Monday, 17 December 2012

Technical Analysis and Fundamental Analysis on Forex


As the article before that explained the Aspect of Forex Trading, The traders make decisions using two analysis namely Technical Analysis and Fundamental Analysis
Technical Analysis using many forecasting method such charts, trend lines, indicators such as moving averages, Moving Average Convergence Divergence (MACD), Relative Strength Index (RSI), Bolinger Band, Fibbonaci, Camarilla, Pivot point, pattern / candlestick patterns and mathematical analysis others to study market opportunities.
Fundamental Analysis predict price movements by translating various information on economic conditions, including news, reports and policies issued by the government, and rumors.
Technical Analysis vs Fundamental Analysis 
Let us go back to the basics of forex trading. What causes the price movement?
The answer is: Expectations and speculation from the market. News isn’t the cause of price movements. On the other hand, the indicator / mathematical calculation isn’t driving the price. 
In Technical Analysis, when a trader based on the graph, for example, the trend line and the MACDI(Moving Average Convergence Divergence) line has shown that the price has broken through the line of the trend line and the MACD lines have intersections. And then when prices go up, this does not mean that the pattern of the indicators that led to the movement of the price! But because many traders perpatokan on these lines. At that time, they did the same thing (buying / LONG) according to the theory of the indicator concerned. This is what causes the price really go up according to predictions of the indicator. The indicator is a follower and not as the cause of price movements.
In Fundamental Analysis, a drastic price movements occur when there are events that are not unexpected.
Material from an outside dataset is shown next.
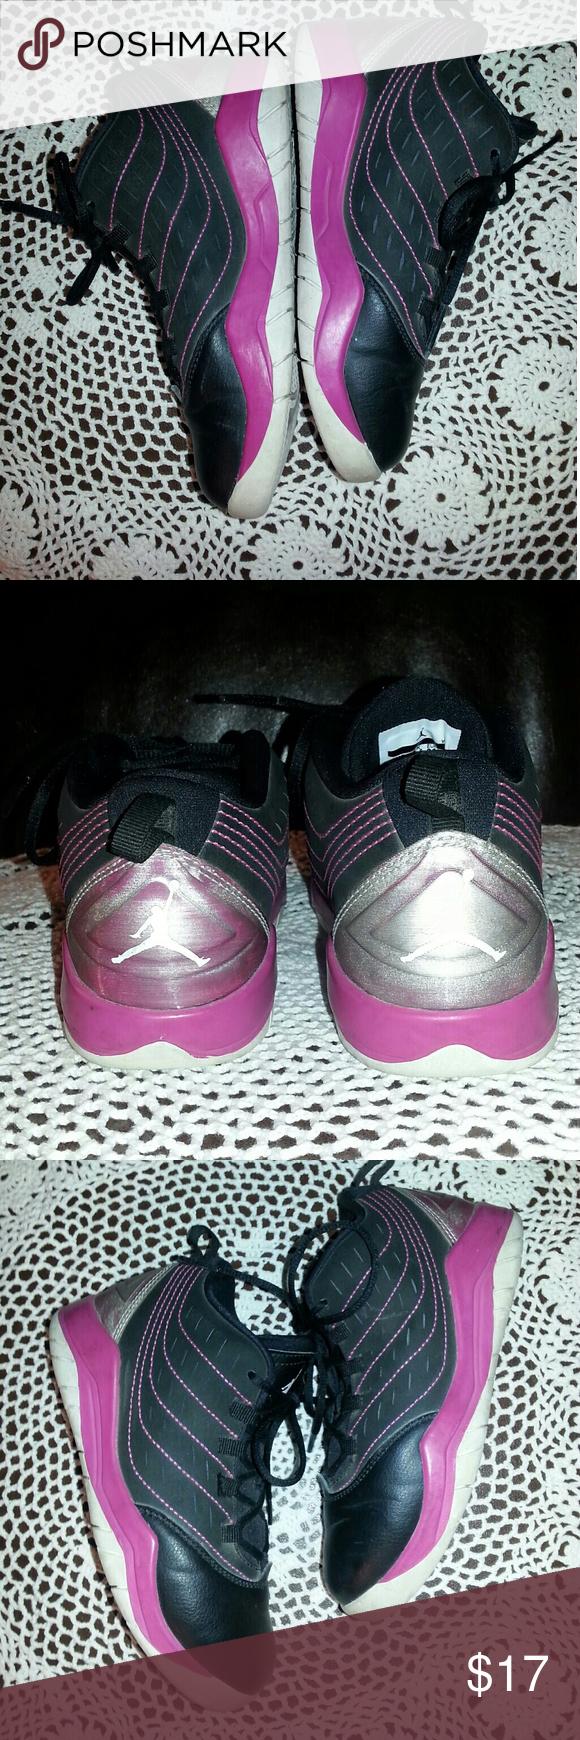 Air Jordan Girls Air Jordan size 13c. In good condition, has dirt on the bottom and normal wear and tear. Air Jordan Shoes Sneakers

It could be an increase / decrease in interest rates from the central bank, to political events or wars. An example is the events of 9/11(were a series of four coordinated suicide attacks upon US). When the events of 9/11 occurred, rate USD weakened because everyone expected the event will greatly affect the U.S. so most likely USD weakened. This incident led many market participants to sell USD. Impact USD rate actually dropped dramatically.
Tips for traders
For those of you who use Technical Analysis, the tips that we provide are only use common indicators that are widely used by traders and trade only when there is no important economic news.
For those of you who use fundamental analysis, the tips that we provide are patience, discipline, trade only when there are important economic news and make sure the time / clock you use is really appropriate.